How to write an investment proposal

Written by victoria duff Google
  • Share
  • Tweet
  • Share
  • Pin
  • Email
How to write an investment proposal
A good investment proposal should be backed by facts that are convincing to the potential investor. (Digital Vision./Digital Vision/Getty Images)

The first thing any investor wants to know is what kind of return he is going to get on his money, and when he will get his money back. If you are seeking investment money for your company, you may need to write a detailed business plan that will form the basis of a private placement memorandum that you present to the investor. If you are proposing most other kinds of investment, an investment proposal will suffice.

Skill level:


  1. 1

    Put yourself in the mind of your investor. Some investors are looking for income, while others are looking for profits. The income investor will be satisfied with receiving dividends or monthly payments of interest and repayment of principal. The profit seeker will be interested in whether your company will go public or whether the investment target will be sold for a big profit, and when all this will happen.

  2. 2

    Research the feasibility of the investment. The worst thing you can do is propose an investment that is not fully thought out. Eliminate all magical thinking and rely only on facts and provable results to determine whether the investment will actually be successful.

  3. 3

    Begin your proposal with a full description of the investment, including the expected inception and conclusion dates; the full terms of the investment contract; and an exact description of the uses of the money, the expected results and the method of distribution of income or profits. Also list any other investors, the amount invested and their share of ownership.

  4. 4

    Prepare arguments in favour of the investment, including a realistic projection of the revenues involved and the percentage return they represent for the investor. Indicate the growth prospects, ancillary benefits such as increased local employment or ecological advantages, tax benefits and any social or business benefits that would accrue to those involved in the investment. Also prepare a contingency plan in case something goes wrong, such as an economic downturn or other negative surprise.

  5. 5

    Use section headings such as introduction, description of investment, terms of investment, expected returns, contingency plan and financial projections.
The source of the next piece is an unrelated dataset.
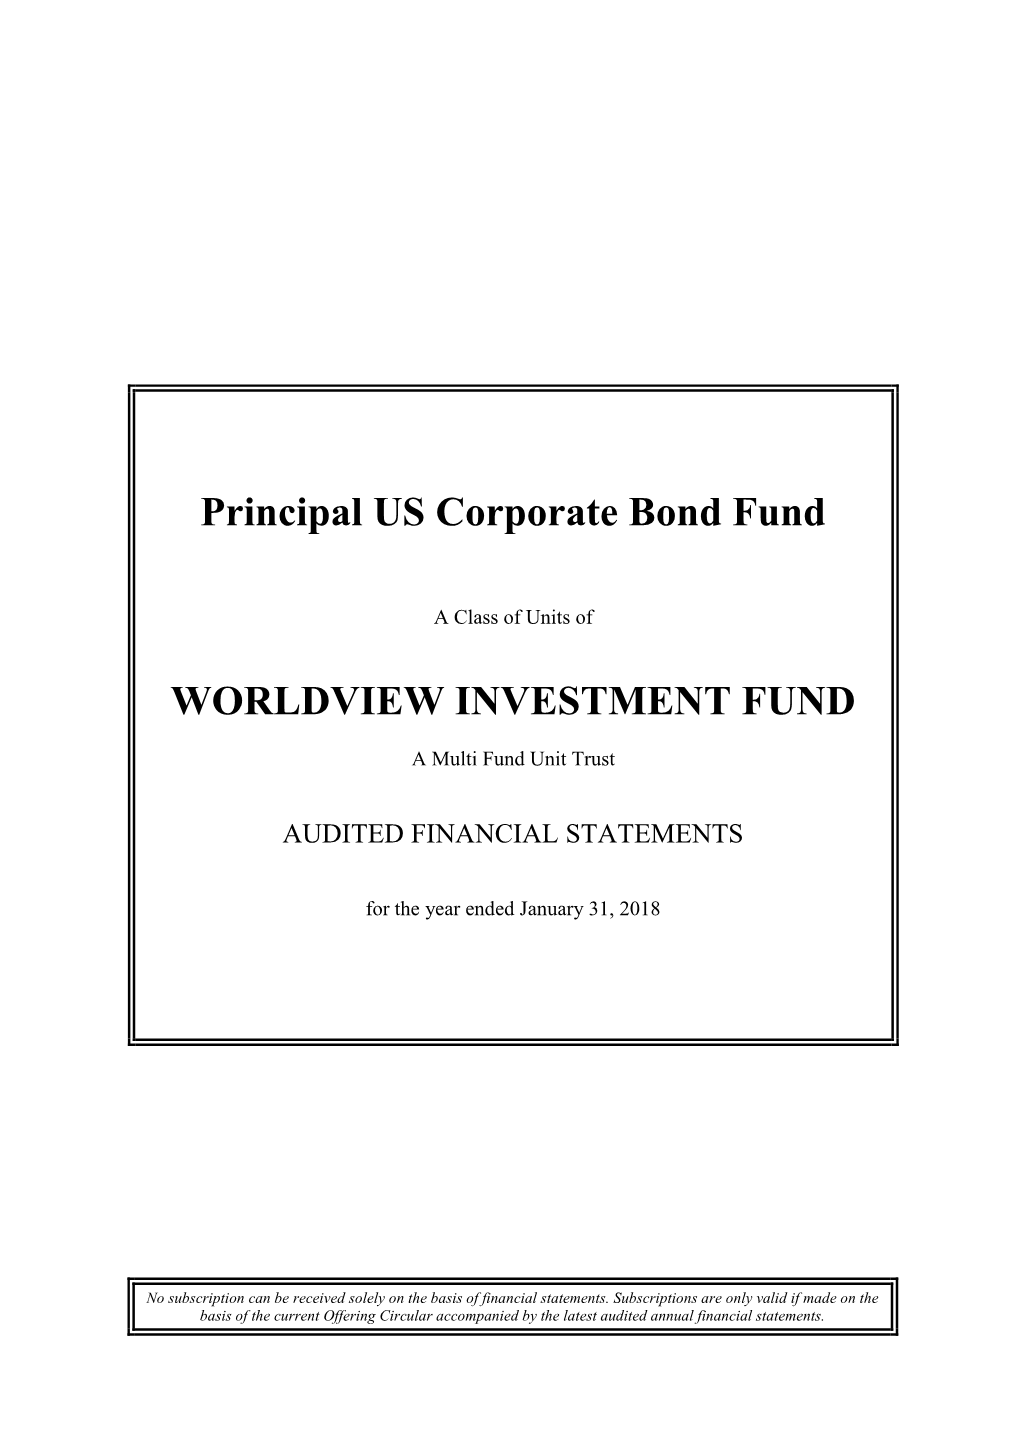 US Corporate Bond Fund
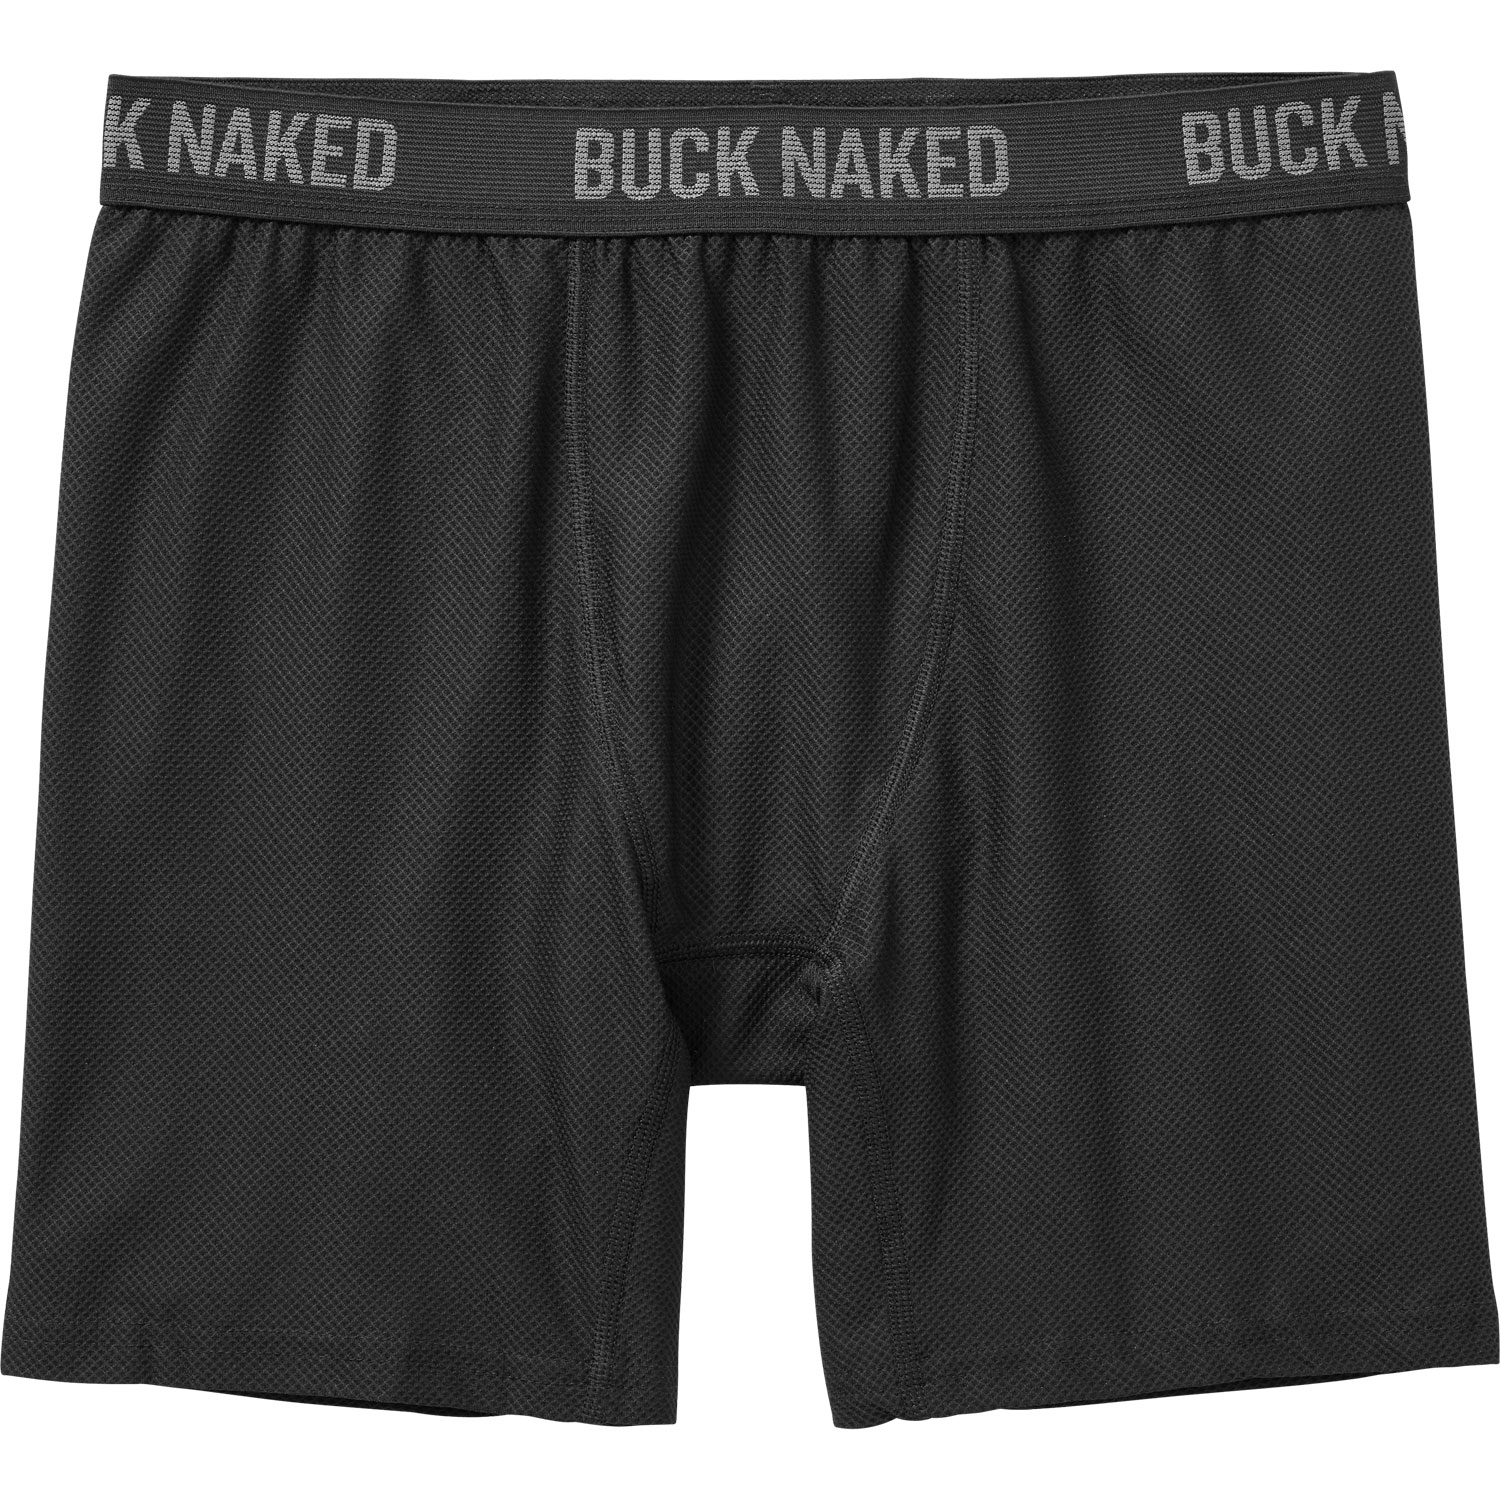 Women's Go Buck Naked Long Boxer Briefs

The financial projections should be in the form of a spreadsheet showing all expenses and all revenues projected.

Tips and warnings

  • Greed is a powerful factor in an investor's decision to commit money. Even if you have to tweak the investment to provide a better return for the investor, it is worth the effort. The most difficult thing to do is to close the deal and end up with a check in your hand or, better yet, cash wired into your bank account. Carefully prepare your pitch to lead the investor to a positive decision, then pull out your investment contract and start filling in the particulars for signing.
  • The first thing that will scare your investor away is hype. The second thing is errors. Never hand over an investment proposal that has not been thoroughly checked for factual and mathematical errors. Never try to make insignificant details seem more important than they actually are. Savvy investors spot this easily. Later, if it's found that you exaggerated, you can expect to be sued.

Don't Miss

  • All types
  • Articles
  • Slideshows
  • Videos
  • Most relevant
  • Most popular
  • Most recent

No articles available

No slideshows available

No videos available

By using the site, you consent to the use of cookies. For more information, please see our Cookie policy.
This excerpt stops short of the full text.